Bay leaves can also be crushed or ground before cooking. Crushed bay leaves impart more fragrance than whole leaves, but are more difficult to remove and thus they are often used in a muslin bag or tea infuser. Ground bay laurel may be substituted for whole leaves and does not need to be removed, but it is much stronger.

To brew tea, bay leaves are best boiled for a brief period—typically 3 minutes—to prevent bitterness, as prolonged boiling may overpower the tea's flavour. Fresh bay leaves impart a stronger aroma, while dried leaves require longer steeping for a similar effect.

Bay leaves are also used in the making of jerk chicken in the Caribbean Islands. The bay leaves are soaked and placed on the cool side of the grill. Pimento sticks are placed on top of the leaves, and the chicken is placed on top and smoked. The leaves are also added whole to soups, stews, and other Caribbean dishes.

Bay leaves may also be used in desserts such as cakes, cookies, ice creams, puddings and more. They can be baked into the surface of a dessert or tempered in a fat such as milk or butter to release their fat-soluble flavor compounds.

=== Other ===
Bay leaves can also be used scattered in a pantry to repel meal moths, flies, and cockroaches. Mediouni-Ben Jemaa and Tersim 2011 find the essential oil to be usable as an insect repellent.

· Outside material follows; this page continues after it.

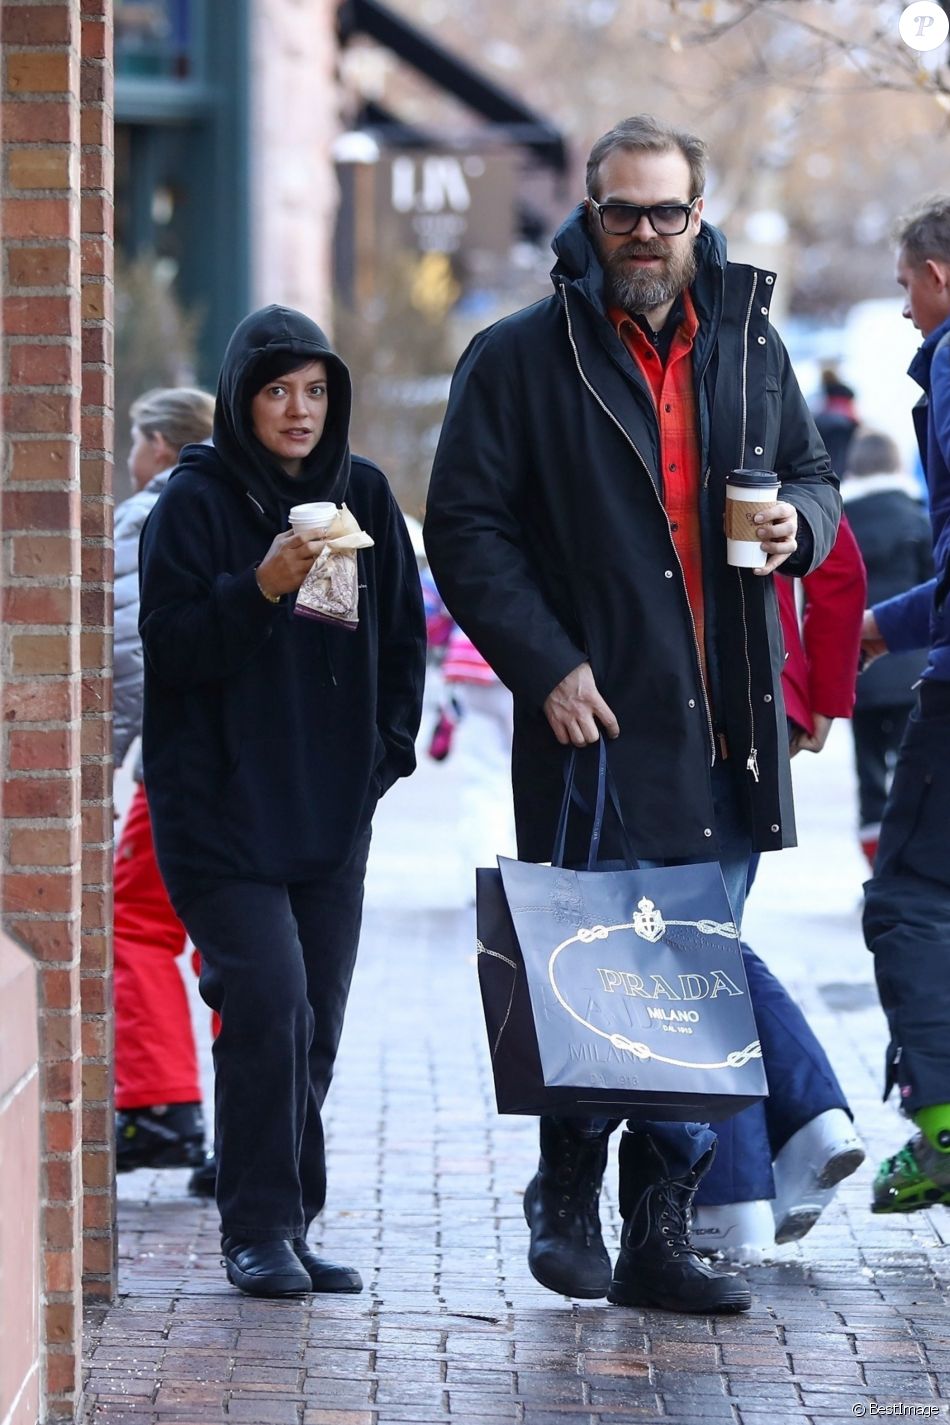 Exclusif - Lily Allen et son compagnon David Harbour font du shopping à Aspen, Colorado, États-Unis, le 4 janvier 2020.

Bay leaves have been used in entomology as the active ingredient in killing jars. The crushed, fresh, young leaves are put into the jar under a layer of paper. The vapors they release kill insects slowly but effectively and keep the specimens relaxed and easy to mount. The leaves discourage the growth of molds. They are not effective for killing large beetles and similar specimens, but insects that have been killed in a cyanide killing jar can be transferred to a laurel jar to await mounting. There is confusion in the literature about whether Laurus nobilis is a source of cyanide to any practical extent, but there is no evidence that cyanide is relevant to its value in killing jars. It certainly is rich in various essential oil components that could incapacitate insects in high concentrations; such compounds include 1,8-cineole, alpha-terpinyl acetate, and methyl eugenol. It also is unclear to what extent the alleged effect of cyanide released by the crushed leaves has been mis-attributed to Laurus nobilis in confusion with the unrelated Prunus laurocerasus, the so-called cherry laurel, which certainly does contain dangerous concentrations of cyanogenic glycosides together with the enzymes to generate the hydrogen cyanide from the glycosides if the leaf is physically damaged.

Bay leaves are used in Eastern Orthodoxy liturgy. To mark Jesus' destruction of Hades and freeing of the dead, parishioners throw bay leaves and flowers into the air, letting them flutter to the ground.

==Safety==
Some members of the laurel family, as well as the unrelated but visually similar mountain laurel and cherry laurel, have leaves that are poisonous to humans and livestock. While these plants are not sold anywhere for culinary use, their visual similarity to bay leaves has led to the oft-repeated belief that bay leaves should be removed from food after cooking because they are poisonous. This is not true; bay leaves may be eaten without toxic effect. However, they remain unpleasantly stiff even after thorough cooking, and if swallowed whole or in large pieces they may pose a risk of harming the digestive tract or causing choking. Thus, most recipes that use bay leaves will recommend their removal after the cooking process has finished.

=== Canadian food and drug regulations ===
The Canadian government requires that ground bay leaves contain no more than 4.5% total ash material, with a maximum of 0.5% of which is insoluble in hydrochloric acid. To be considered dried, they must contain 7% moisture or less. The oil content cannot be less than 1 millilitre per 100 grams of the spice.